(AVAILABLE DATA Opens)

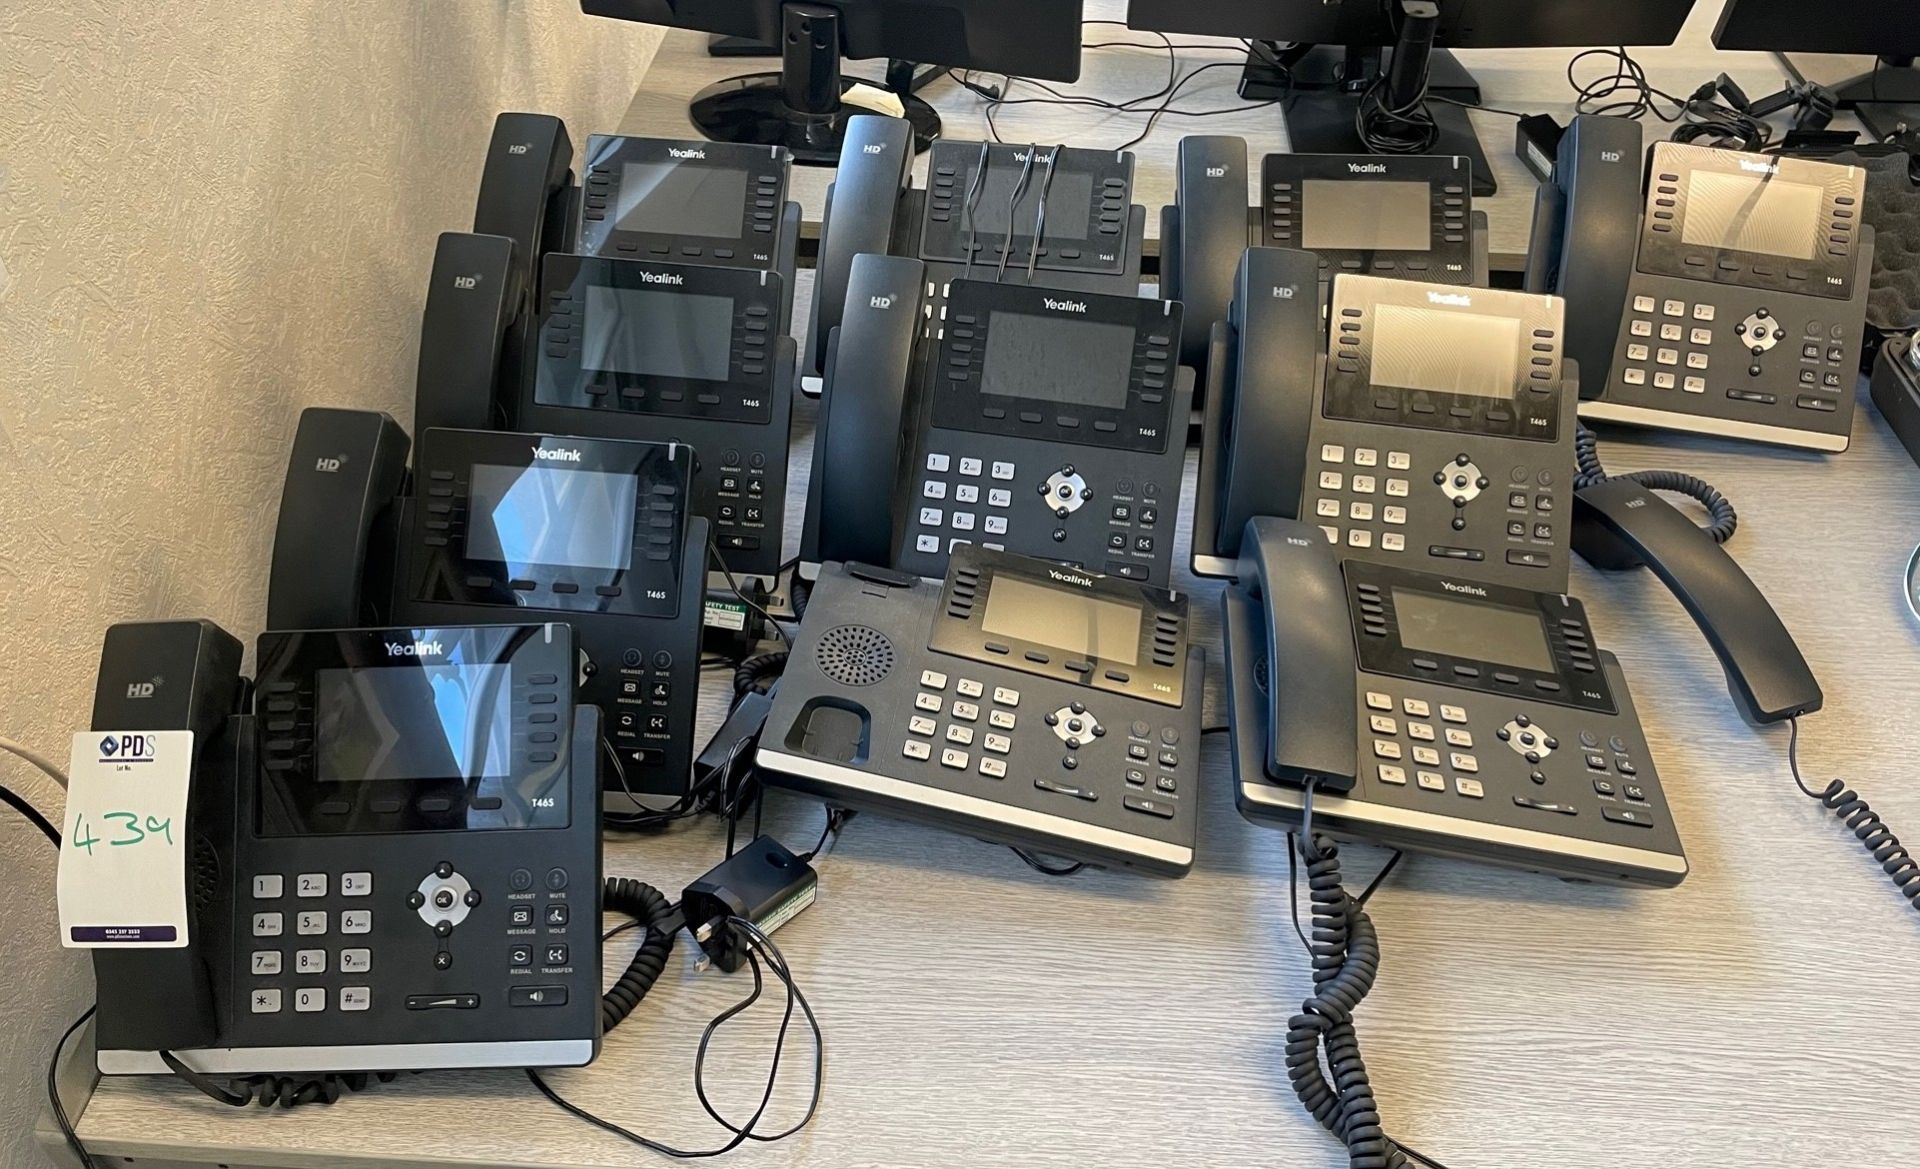 11 Yealink Telephone Handsets (Location Diss. Please Refer to General Notes)
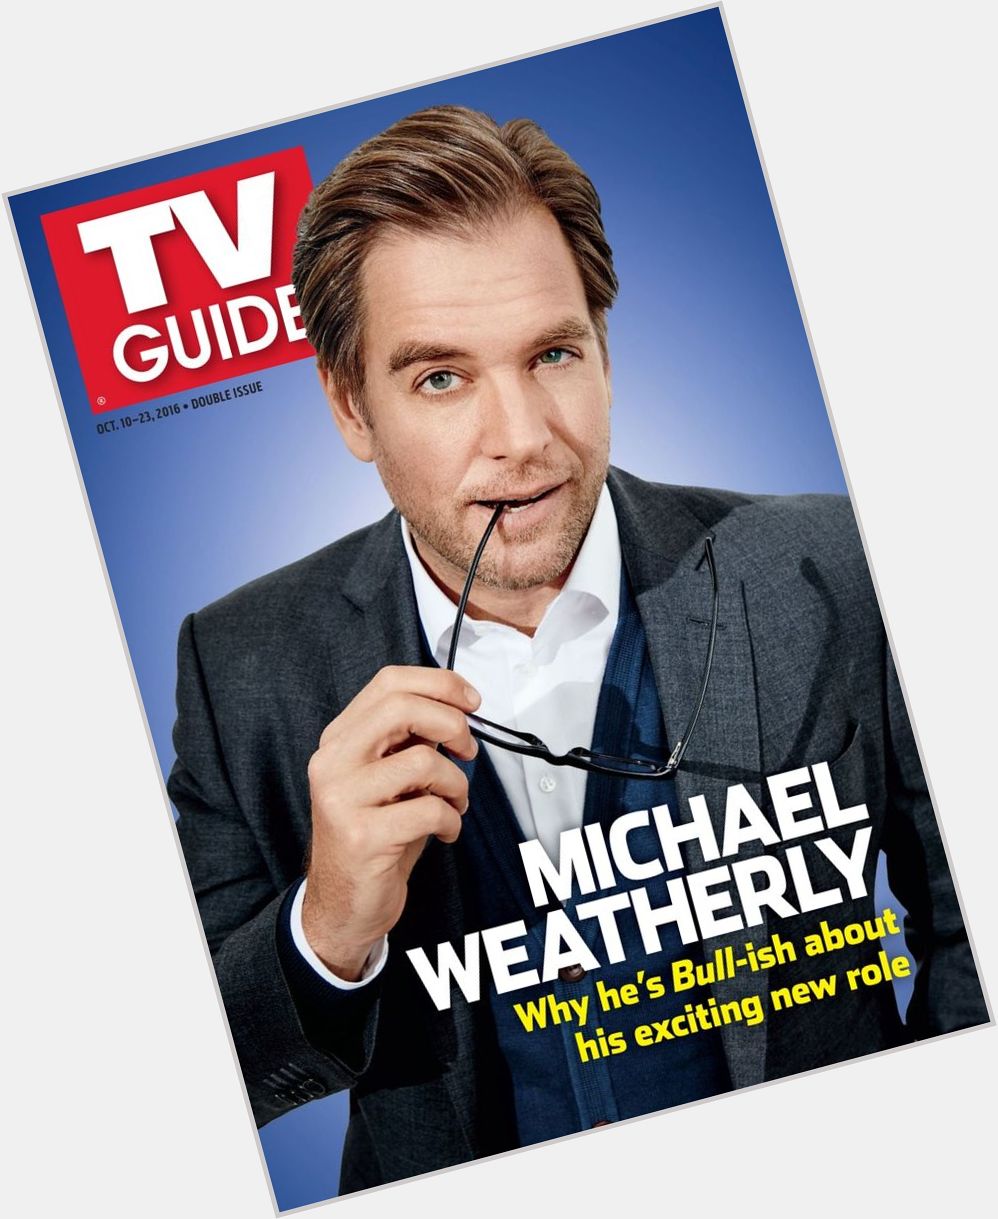 Happy Birthday to Michael Weatherly, who turns 49 today! 
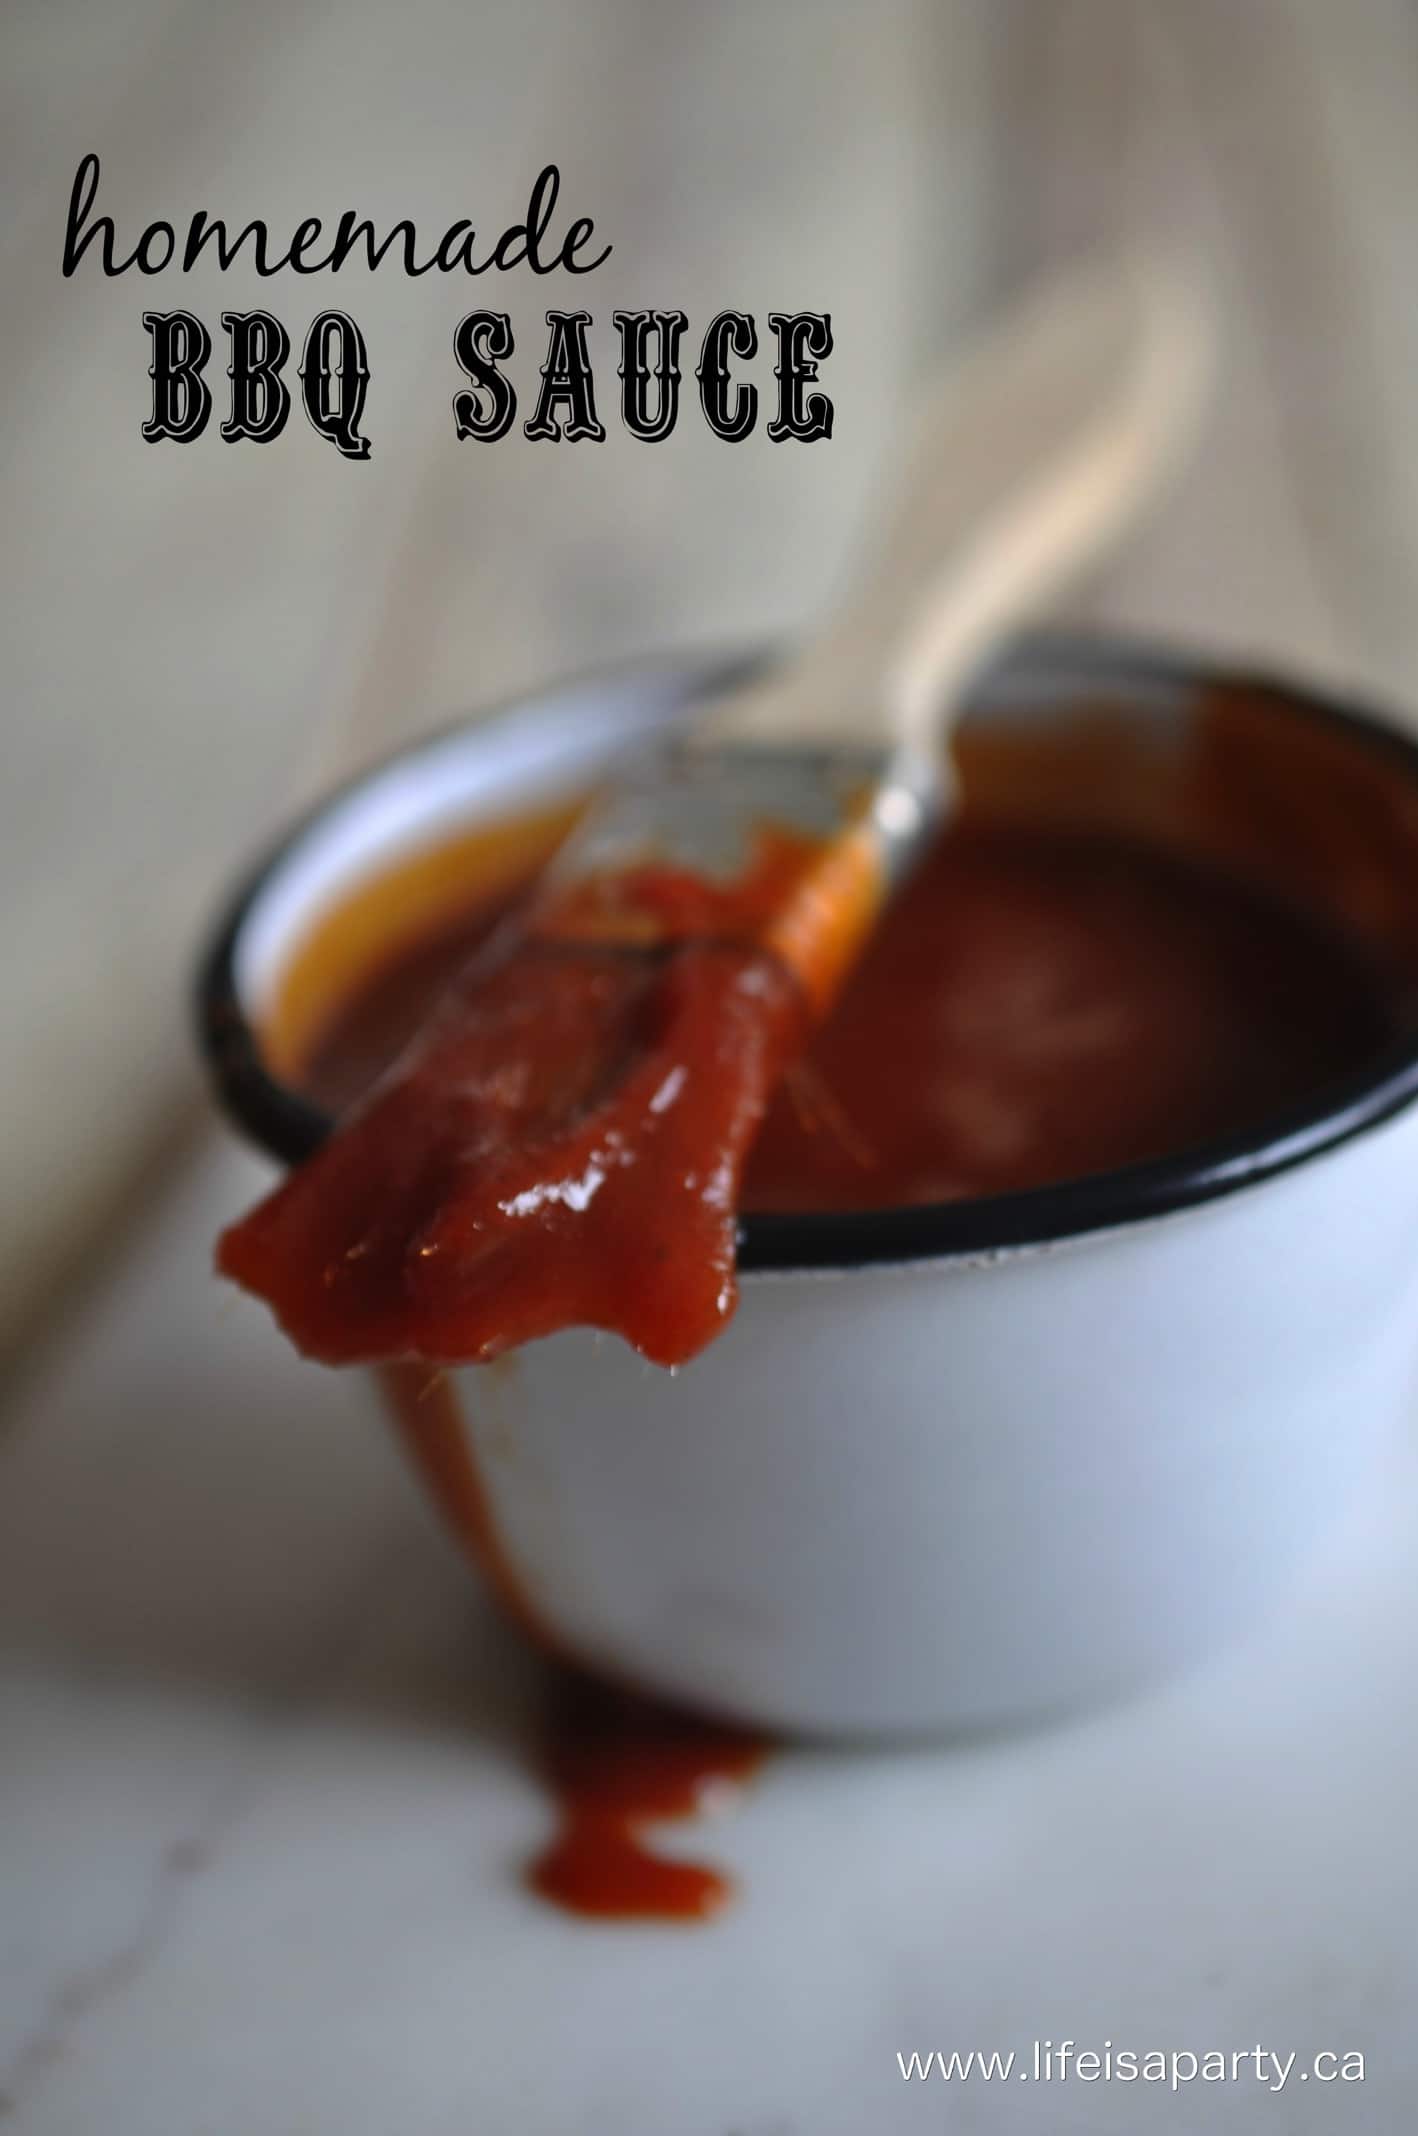 No Cook Homemade Hot Sauce: Make this sauce in minutes in your blender and enjoy the hot tangy homemade hot sauce. The perfect Homemade Father's Day gift.

(AVAILABLE DATA Closes)

- [EXERCISE DIRECTIONS]:
Please return each line of the listing exactly as written, excluding the images.

- [SOLUTION TO THE EXERCISE]:
 11 Yealink Telephone Handsets (Location Diss. Please Refer to General Notes)
 Happy Birthday to Michael Weatherly, who turns 49 today! 
 No Cook Homemade Hot Sauce: Make this sauce in minutes in your blender and enjoy the hot tangy homemade hot sauce. The perfect Homemade Father's Day gift.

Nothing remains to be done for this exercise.